From Examples 1 to 3 of Table 1, it can be seen that when the content ratio of mica is in the range of from 0.1% by volume to 5.2% by volume based on the total solid content, the electrical degradation lifetime is long. From Examples 4 to 9, it can be seen that even when the epoxy resin is a biphenyl-type epoxy resin or a triphenylmethane-type epoxy resin, addition of mica leads to long electrical degradation lifetime. From Comparative Example 1, it can be seen that the electrical degradation lifetime is short with no addition of mica. From Example 10, it can be seen that when the amount of mica added is 10.4% by volume, the electrical degradation lifetime is long, but the thermal conductivity is low. From Comparative Example 2, it can be seen that when the % by volume of the filler group (B) is larger than the % by volume of the filler group (C), the electrical degradation lifetime is short. From Comparative Example 3, it can be seen that when the % by volume of the filler group (A) is small and the % by volume of the filler group (B) is larger than the % by volume of the filler group (C), the electrical degradation lifetime is short.

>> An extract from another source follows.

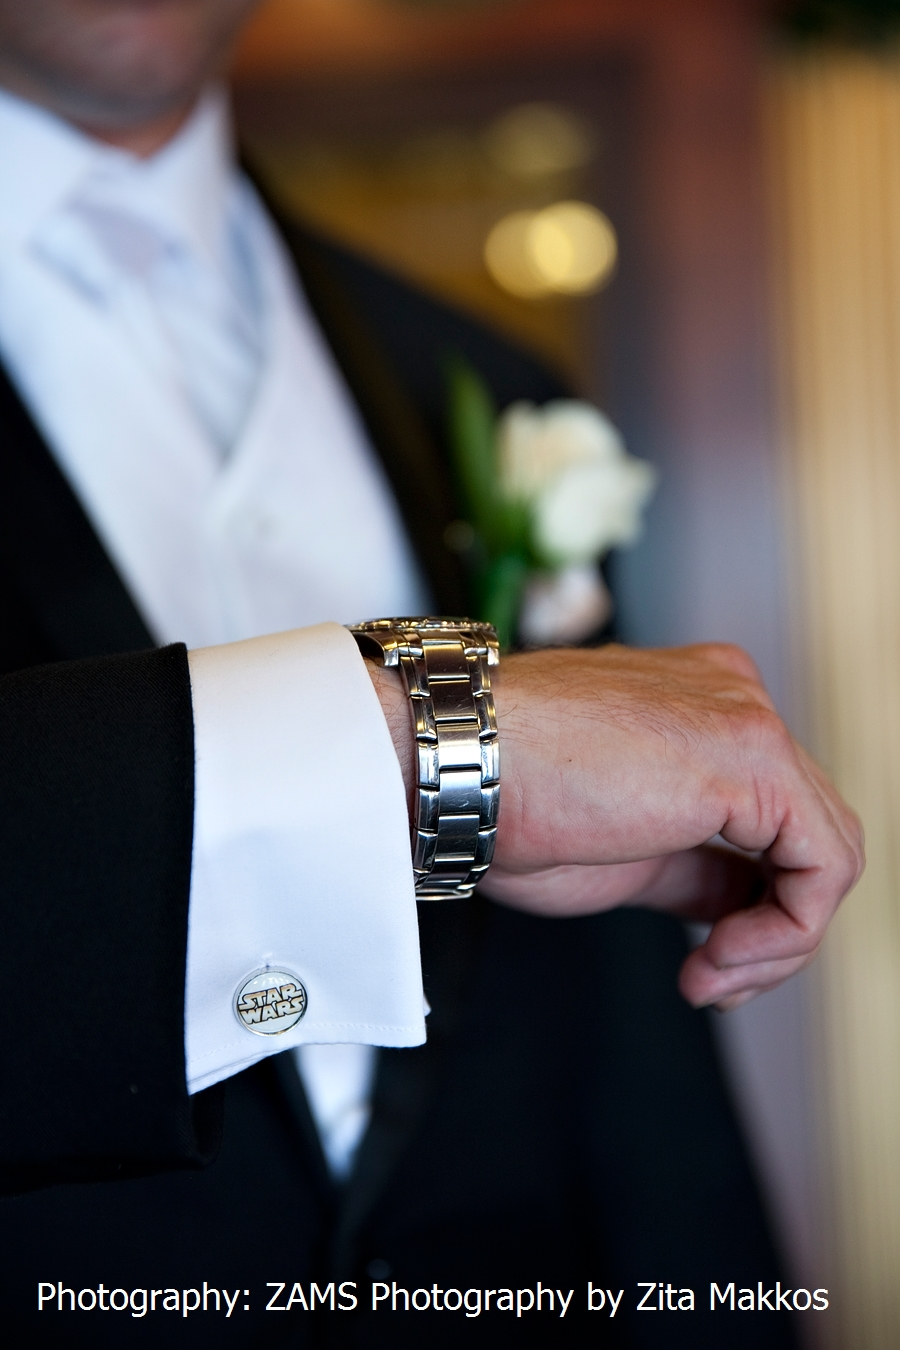 star_wars_stormtrooper_2_cuff_links_men_wedding_groom_cufflinks_2.jpg

From Example 11, it can be seen that when the % by volume of the filler group (A) is large, and the % by volume of the filler groups (B) and (C) are too small, the electrical degradation lifetime is slightly short.

From Examples 12 to 16 in Table 2, it can be seen that when the average particle diameter of mica is from 1 μm to 10 μm, the electrical degradation lifetime is long, and when the average particle diameter of mica is 0.1 μm, the electrical degradation lifetime is short.

All publications, patent applications, and technical standards mentioned in this specification are herein incorporated by reference to the same extent as if such individual publication, patent application, or technical standard was specifically and individually indicated to be incorporated by reference.

Claims

1. A resin composition comprising:

a thermosetting resin;

a thermally conductive filler; and

mica,

wherein, when the thermally conductive filler is divided into a filler group (A) having a particle diameter of from 10 μm to 100 μm, a filler group (B) having a particle diameter of from 1.0 μm to smaller than 10 μm, and a filler group (C) having a particle diameter of from 0.1 μm to smaller than 1.0 μm, a ratio of the filler group (C) with regard to the thermally conductive filler, based on volume, is larger than a ratio of the filler group (B) with regard to the thermally conductive filler, based on volume.

2. The resin composition according to claim 1, wherein, when a total volume of the thermally conductive filler is 100% by volume, a ratio of the filler group (A) is from 50% by volume to 90% by volume, a ratio of the filler group (B) is from 1% by volume to 30% by volume, and a ratio of the filler group (C) is from 5% by volume to 40% by volume.

3. The resin composition according to claim 1, wherein an average particle diameter of the mica is from 1 μm to 10 μm.

4. The resin composition according to claim 1, wherein a content ratio of the mica is from 0.1% by volume to 5% by volume with regard to a total solid content.

5. The resin composition according to claim 1, wherein a content ratio of the thermally conductive filler is from 60% by volume to 80% by volume with regard to a total solid content.

6. The resin composition according to claim 1, wherein the thermosetting resin comprises an epoxy monomer having a mesogenic structure or a polymer thereof.

7. The resin composition according to claim 1, wherein the thermally conductive filler comprises alumina.

8. A resin sheet formed by molding the resin composition according to claim 1 into a sheet shape.

9. A prepreg comprising:

a fiber substrate; and

the resin composition according to claim 1, impregnated in the fiber substrate.

10. An insulator comprising a cured product of the resin composition according to claim 1.

11. A resin sheet cured product that is a heat-treated product of the resin sheet according to claim 8.

12. A heat dissipator comprising:

a first metal member;

a second metal member; and

a resin cured product layer that is a cured product of the resin composition according to claim 1, disposed between the first metal member and the second metal member.

13. The heat dissipator according to claim 12, wherein an average thickness of the resin cured product layer is from 100 μm to 300 μm.